La France est alors dans une position de pointe, Cerrone confirmant son succès de l’année précédente avec “Cerrone’s Paradise” et “Supernature”. Patrick Juvet réussit un tournant de carrière inspiré avec “Paris By Night”. produit par Jean­Michel Jarre. Mais c’est surtout Jacques Morali qui fera de 77 son année. Le premier album des Village People (“Hollywood”) paraît et devient le premier hymne militant des discos gays de la rue Sainte-Anne à Paris, du Pimm’s au Colony en passant par le Sept, le fief de Fabrice Emaer, où chacun se doit d’être vu. La frénésie de composition de Morali ne s’arrête pas là et l’album de Ritchie Family, “African Queens” catapulte un monster-hit avec “Quiet Village”. En définitive, on peut se demander ce qui a pu contribuer àtant de révolutions musicales. Cela peut paraître franchement ridicule, mais il serait presque possible de faire une analogie entre le 68 politique et le 77 musical.

.Cette année, le rock est bousculé par le punk, la soul par la disco et l’électronique par Kraftwerk. Se produisent alors à deux événements majeurs. D’abord, c’est l’expansion fantastique d’une disco jusqu’à lors presque réservée aux clubs (secrète, européenne) vers une disco de radio (jeune, mondiale). C’est l’effet “Saturday Night Fever”. Une nouvelle génération se met à sortir et les musiques jouées dans ces clubs évoluent très vite. Les DJs programment de moins en moins ces musiques simili-brésiliennes-Club Med qui sont à l’époque le cliché des boîtes provinciales. Le glamour de Tamla, avec ses chanteuses trop connues et pas assez malléables, fait place à une disco faite à la chaîne, dont les chanteuses sont inconnues et dont d’ailleurs personne ne se soucie. Tout se passe soudainement comme si la disco, par une surenchère de production qui étonne tout les observateurs — on s’attend à voir mourir le phénomène chaque trimestre — devenait un genre de musique aussi insondable et difficile à connaître que, disons, le jazz ou les musiques folkloriques. C’est alors que commencent à apparaître les maxis. Les gens les considèrent d’abord comme une pure arnaque (les maxis offrent la même durée de musique qu’un petit 45T sur la surface d’un 33T), avant de comprendre que le maxi permet un enregistrement plus précis (les sillons sont plus espacés) et plus fiable, bref un meilleur son pour les discos. A cette époque, le maxi comporte généralement sur les deux faces la même version de la chanson. Il n’est pas encore question de remixage ni de la future multiplication inflationniste des versions, même si en 79, The M. sort un maxi à la pochette Bébé Cadum, “Pop Muzik”, qui comporte deux sillons exactement l’un à côté de l’autre sur la même face — et deux chansons différentes...

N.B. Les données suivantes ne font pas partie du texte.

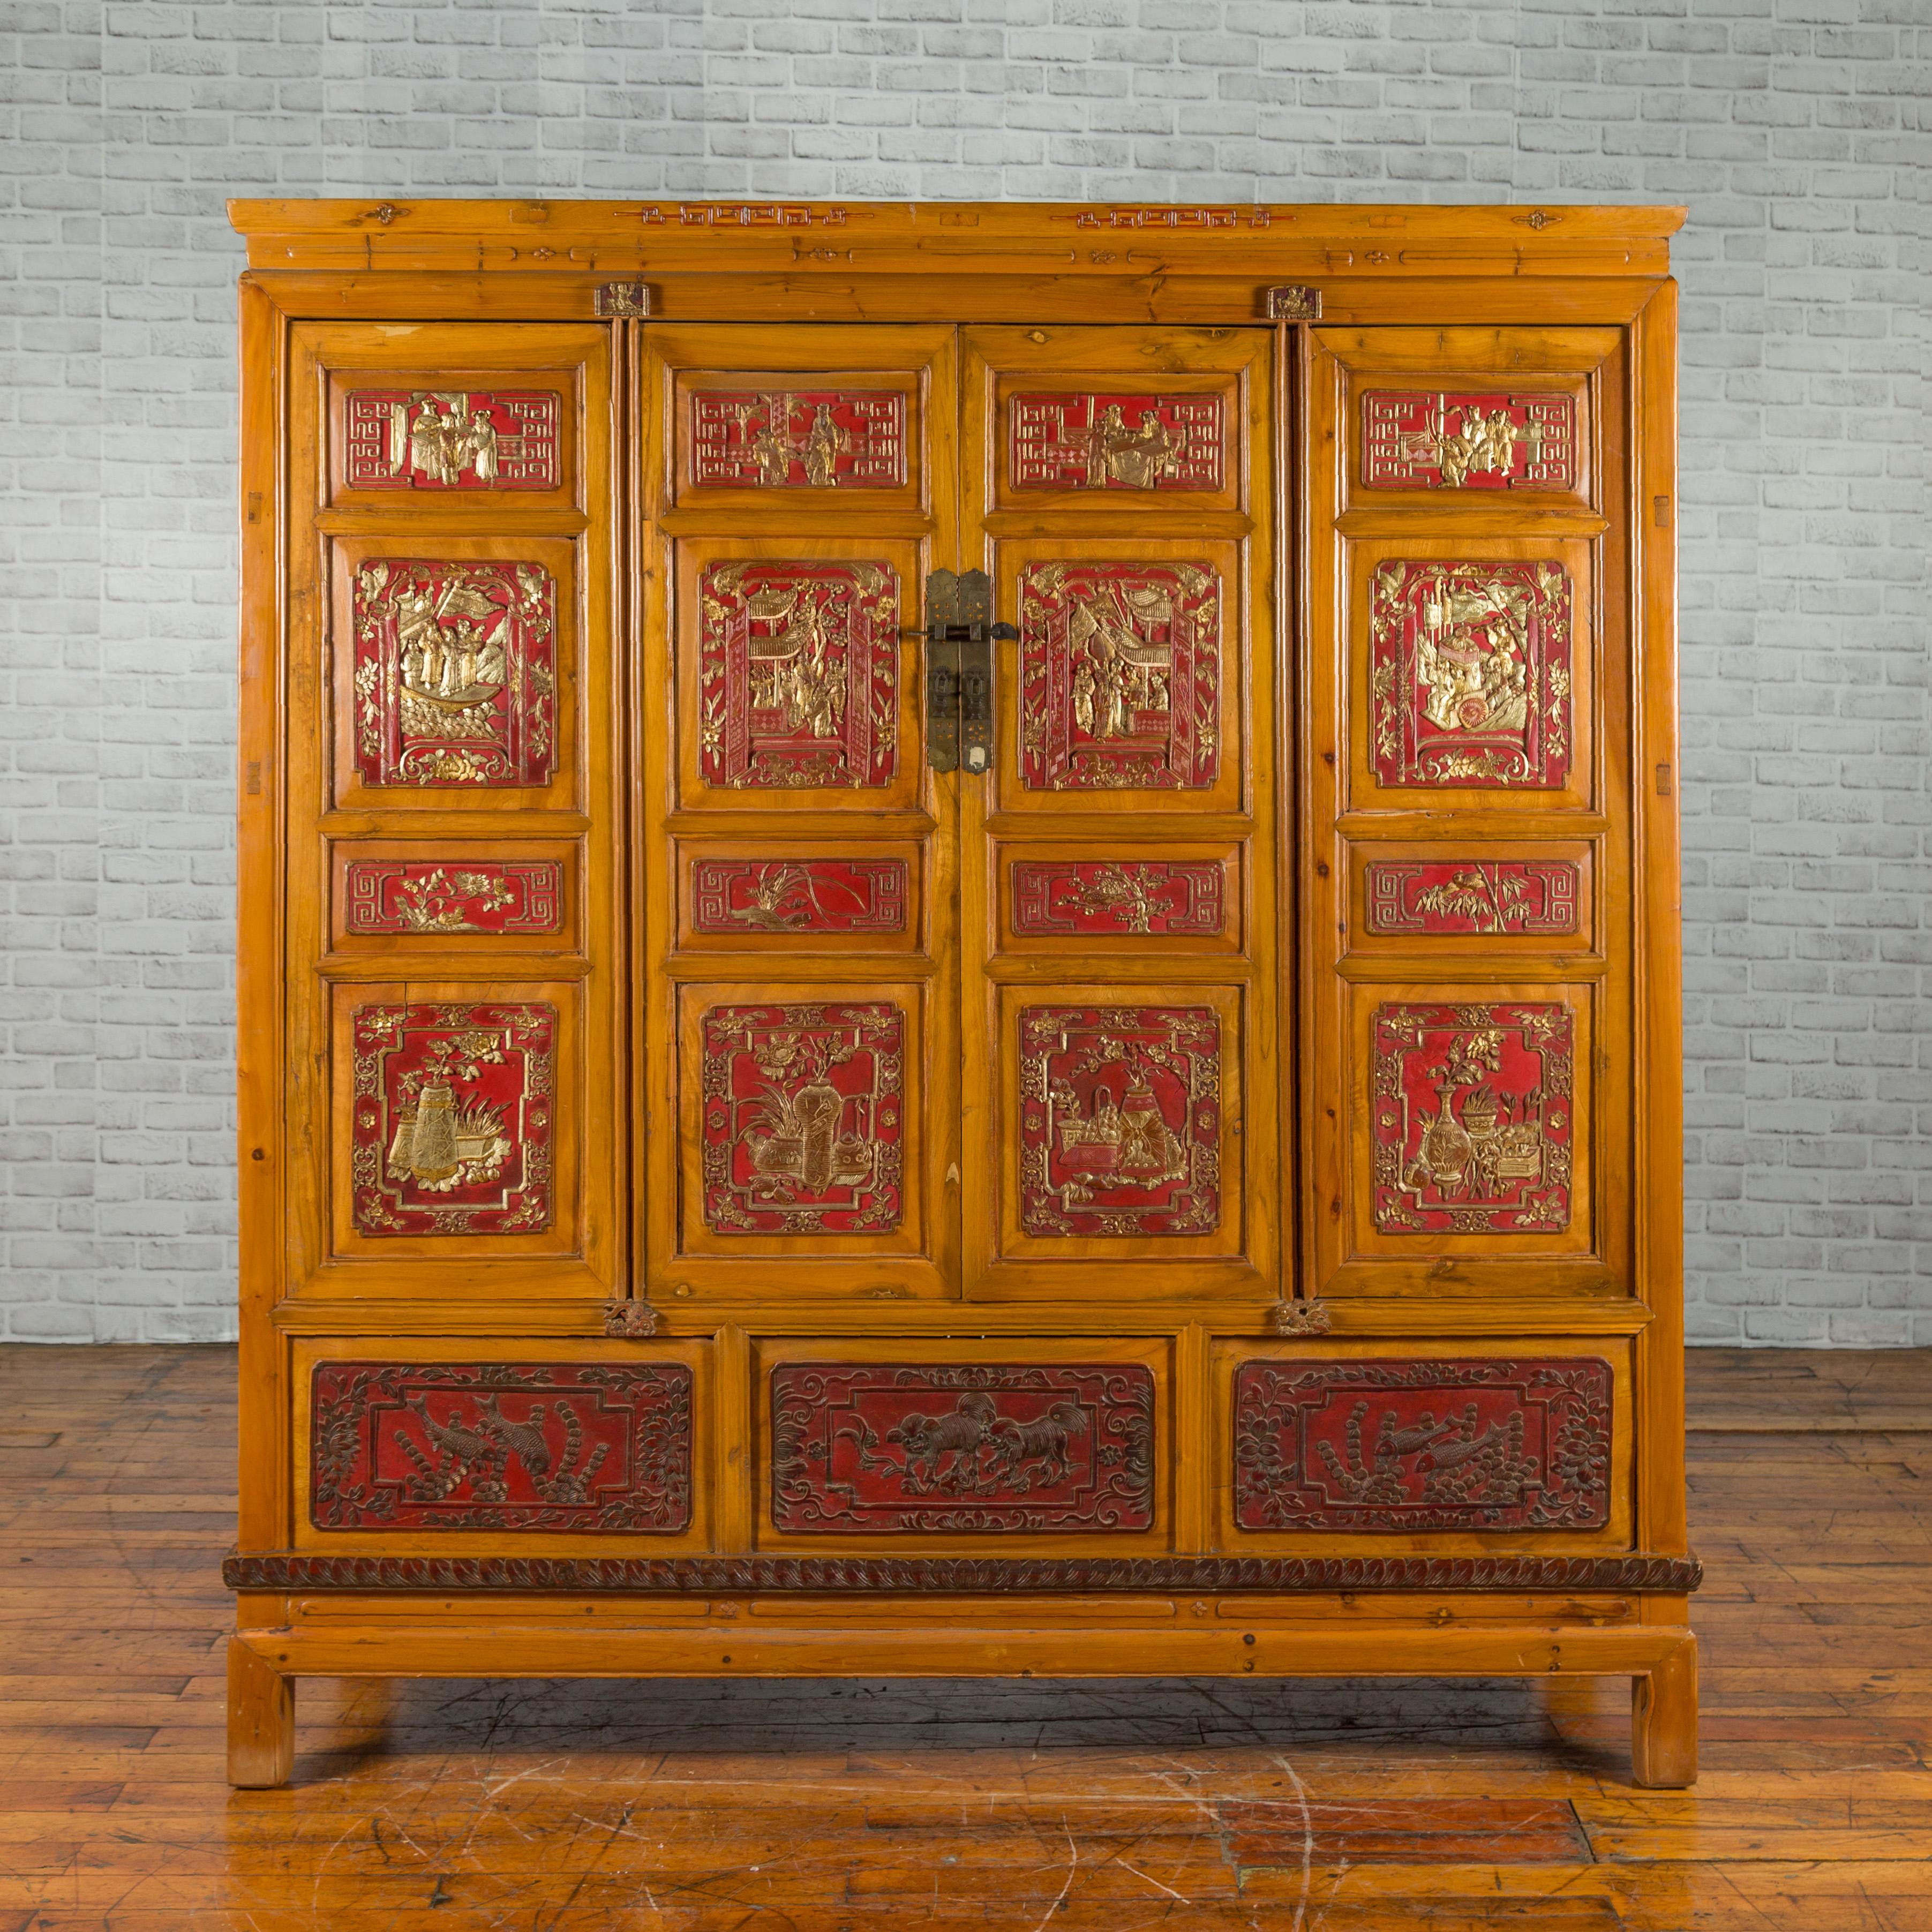 A large Qing dynasty Chinese hand carved, painted and gilded armoire from the 19th century, with 19 panels, four doors and three removable panels revealing a secret compartment. Created in China during the Qing dynasty, this large armoire draws our

Le deuxième événement est surtout intellectuel. La grande découverte de la disco, c’est que, pour la première fois dans l’histoire de la musique populaire, on se met à utiliser à outrance le deuxième degré et la disco peut être considérée à elle seule comme la responsable de l’état d’esprit musical génialement ringard de ces quinze dernières années. Auparavant, tout dans le rock était sincère, conçu pour provoquer ou séduire, au premier degré. Même les plus cyniques comme les Sparks, Zappa, Bowie ou Kraftwerk, étaient malgré tout sincères. La disco avance au contraire l’idée du ridicule positif, de la muzak facile à vivre, de la joie un peu idiote. Pendant les années soixante-dix, on refusait certains groupes parce qu’ils étaient “trop commerciaux” mais la disco récupère l’esprit pop des années soixante, quand il fallait faire le tube, avec tous les excès de promo possibles. Ainsi, la disco n’a pas de conscien­ce politique, seulement une conscience sexuelle — et encore Ce point est important. On se demande pourquoi certains écoutent, même aujourd’hui, des disques aussi extrêmes que “Doin’ The Best That I Can” de Bettye LaVette si ce n’est par pure bathmologie ou par dérision. Think about it.